This architecture would require central banks to upgrade their operational capacity to perform tasks traditionally performed by the private sector. Whilst disintermediation would reduce costs for the end-user, this may come with the caveat of a less reliable payment system. Central banks are simply not equipped to handle such volumes and complexities; these are better handled by the private sector.

Hybrid CBDC

The hybrid represents a blend of pure CBDC architectures. There's very little detail about what this would look like in practice. Still, the aim would be to operate legal claims in a similar fashion to direct CBDC's whilst also allowing central banks to maintain and monitor a retail ledger. This approach is more realistic about central bank operational capabilities and enables the private sector to participate in payment processing for retail.

Distributed Ledgers or Centralised Infrastructure?

The next question when designing CBDC's is whether to utilise distributed ledgers (DLT) or conventional centralised systems.
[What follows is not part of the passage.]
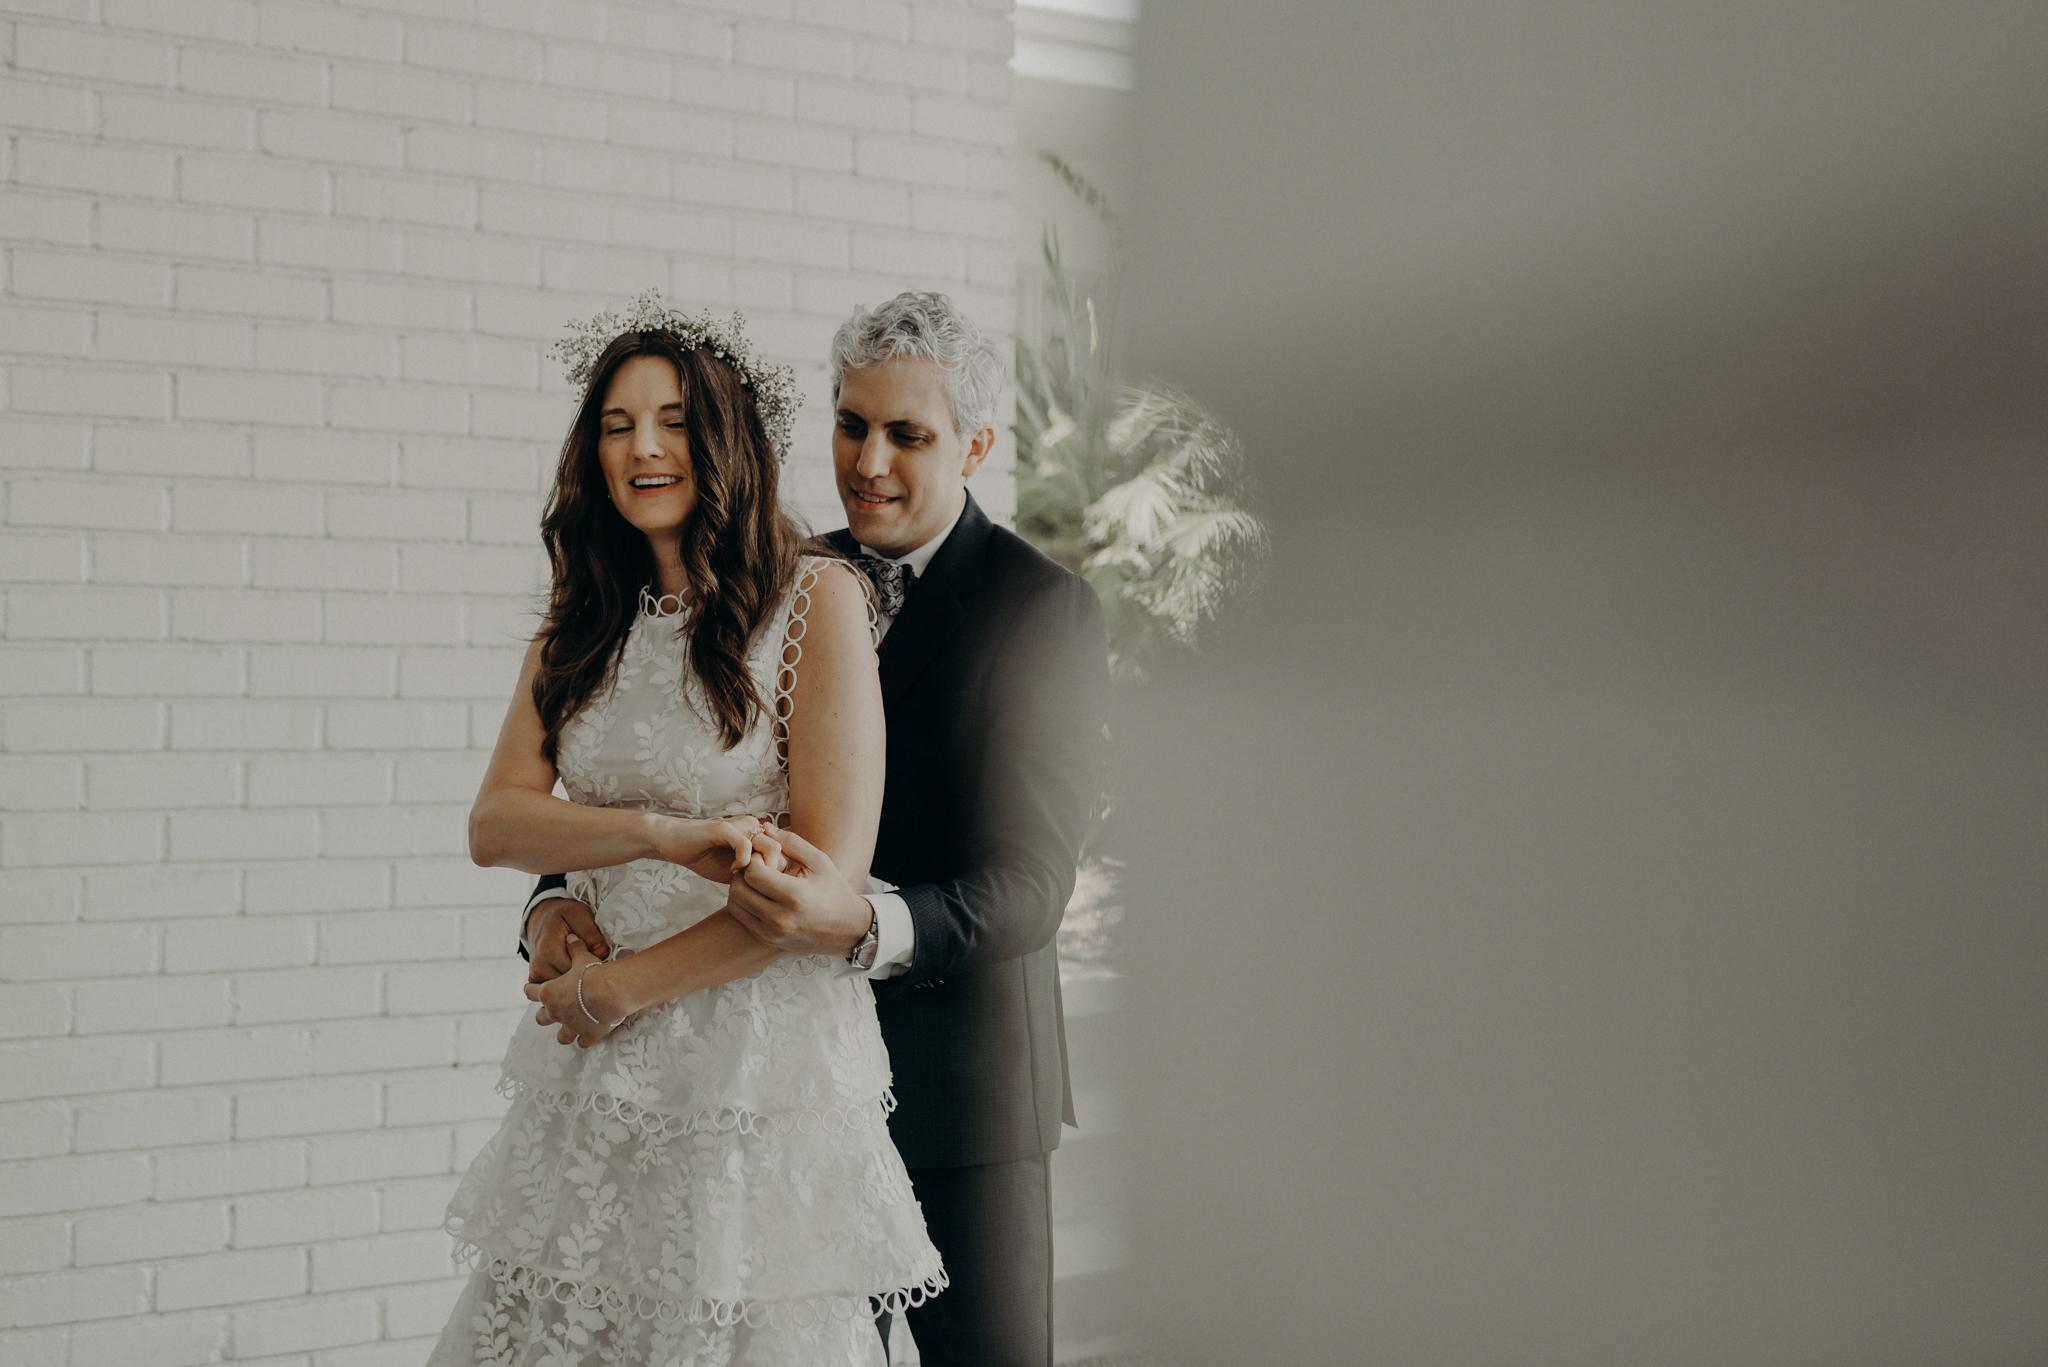 Isaiah + Taylor Photography - Private Estate Backyard Wedding - Beverly Hills - Los Angeles Wedding Photographer - 37.jpg

Unlike Bitcoin, CBDC's are created to have a centralised point of control. The idea that a group of distrusting nodes needs to agree on the ledger's state is a foreign concept to central banks and, in their minds, a suboptimal way to coordinate money. Perhaps they may even be right, but only time will tell.

The most significant limitation cited by central banks regarding DLT is the design limits due to its distributed nature. Remember, for a transaction to be processed, executed and settled using DLT, it requires the validation of each and every node on the network. This leads to slow transaction throughput (low transactions per second); this limitation is not present with conventional systems.

If central banks decide to utilise DLT, it more than likely will be for the indirect CBDC model as these transactions would be low frequency, high-value wholesale payments between banks. DLT and the direct model for CBDC are difficult, if not impossible, to implement as the system will struggle to handle the necessary number of transactions.

Account or Token-Based?

The last question central banks face in designing CBDC's is whether to apply an account-based system or a token-based system. This is identical to the difference between cash and your deposit at a bank. Cash is a bearer asset; whoever holds the cash owns the cash. Bank deposits are only yours if you can verify your identity.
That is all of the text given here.